The answers to these need to be: yes, where we want, us (as in the client, not the provider). Data ownership, and data sovereignty are key considerations when choosing any platform that will host your data. The ability to host your own system, manage and control access to the underlying database(s) and know exactly where the data is, who has access and for what purposes is a key consideration in any IT decision today.
Control of UI
Does it build into it the capacity to easily control, scale, modify the UI for the CMS? It’s common for CMS’s, particularly low code CMS’s to be a black box in this regard. It’s very important to be able to work with any UI that we provide and not be locked into solutions and limitations.
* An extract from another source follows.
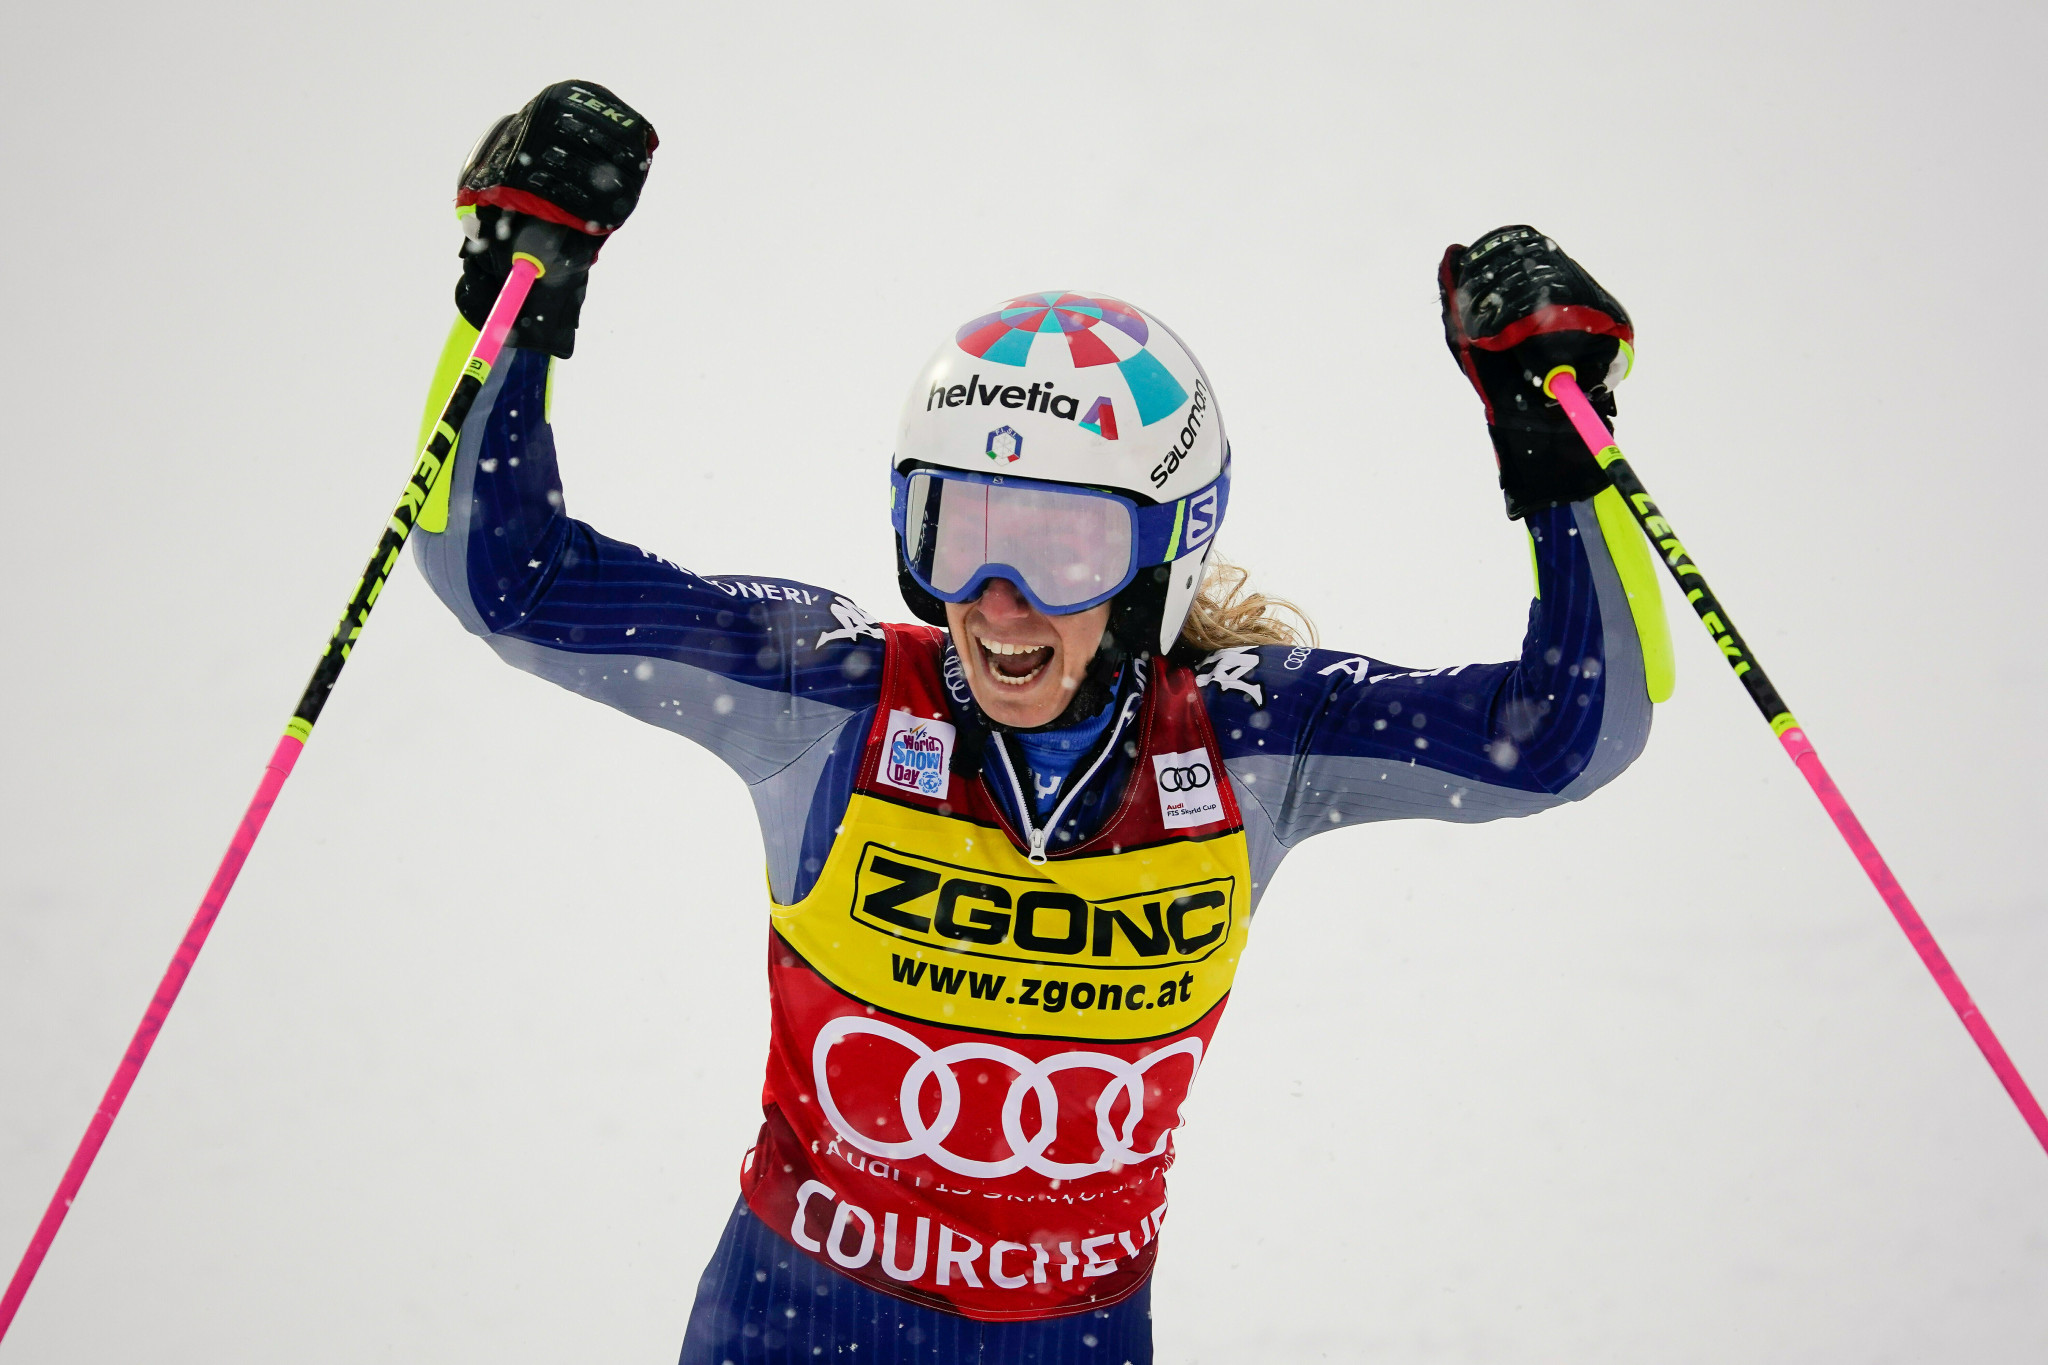 Marta Bassino won the giant slalom at the FIS Alpine Ski World Cup in Courchevel ©Getty Images

API options (GraphQL/REST)
The quality and the customisability of the API are very important factors. GraphQL is a great base benchmark as this is inherently scalable & flexible and ideal for gathering data requirements for UIs. The Ability to produce a REST API for other applications and mobile apps is a very important feature when separating content from presentation.
But on top of that, how much control over data visibility & access, model schemas and customisations, relationships and aggregations. These are all base requirements for a system to be powerful and scalable for CMS data.
The Tin
At the end of the day a Headless CMS is just exactly as it says on the tin - a Content Management System. Not what we’re more accustomed to expecting with a monolithic CMS that comes free with a templating engine and a theme-able UI. That sounds great, but when it means your content is inherently embedded into template structure and your theme is on such a high level – without a huge amount of extra work you’ve got yourself locked into quite an inflexible solution that is expensive to scale and limited in ultimate scope.
With a Headless CMS, your content is just data, and we can use that data to create any UI and render any subset of that data on any device. When we are working so closely to the data we can define relationships and filters, collections (sets) between and within any part of that data to be able to create our own notion of what we know “widgets” to be. So we can provide bite sized building blocks for you to inevitably be able to create any kind of page or element structure you want. And the onus of responsive design and cross platform stability/consistency is on us.
Initially it’s just a case of understanding, together, what those components (“widgets”) look like, what else is interacting with it, which pages need additional (custom) functionality or integration with data from other APIs. There can easily be a blended/hybrid approach where we can achieve a powerful web interface with full freedom of control and all responsibilities around responsive design and device handling, what your content actually looks like - All of this is a UI problem, the data knows nothing about the UI, only about the data.
A different UI can tackle a completely different problem with the same data and deliver a new business outcome.
What did we choose?
After reviewing a range of products and solutions that are available – we settled on 1 product as being best for our needs, Directus.
Directus was the only one to make it through testing without identifying a “failure to meet” against it.
Directus combined with Hasura (an open-source platform for bringing federated data together into a consistent structure), enables Cucumber to unlock data that has been locked away in monolithic CMS systems, backend databases, ERP tools, spreadsheets and any number to sources holding data hostage.
Once unlocked, this data can then be brought forward and make to work for you business and deliver real value to your customers in meaningful ways, on devices that your customers are using, where and when they need it.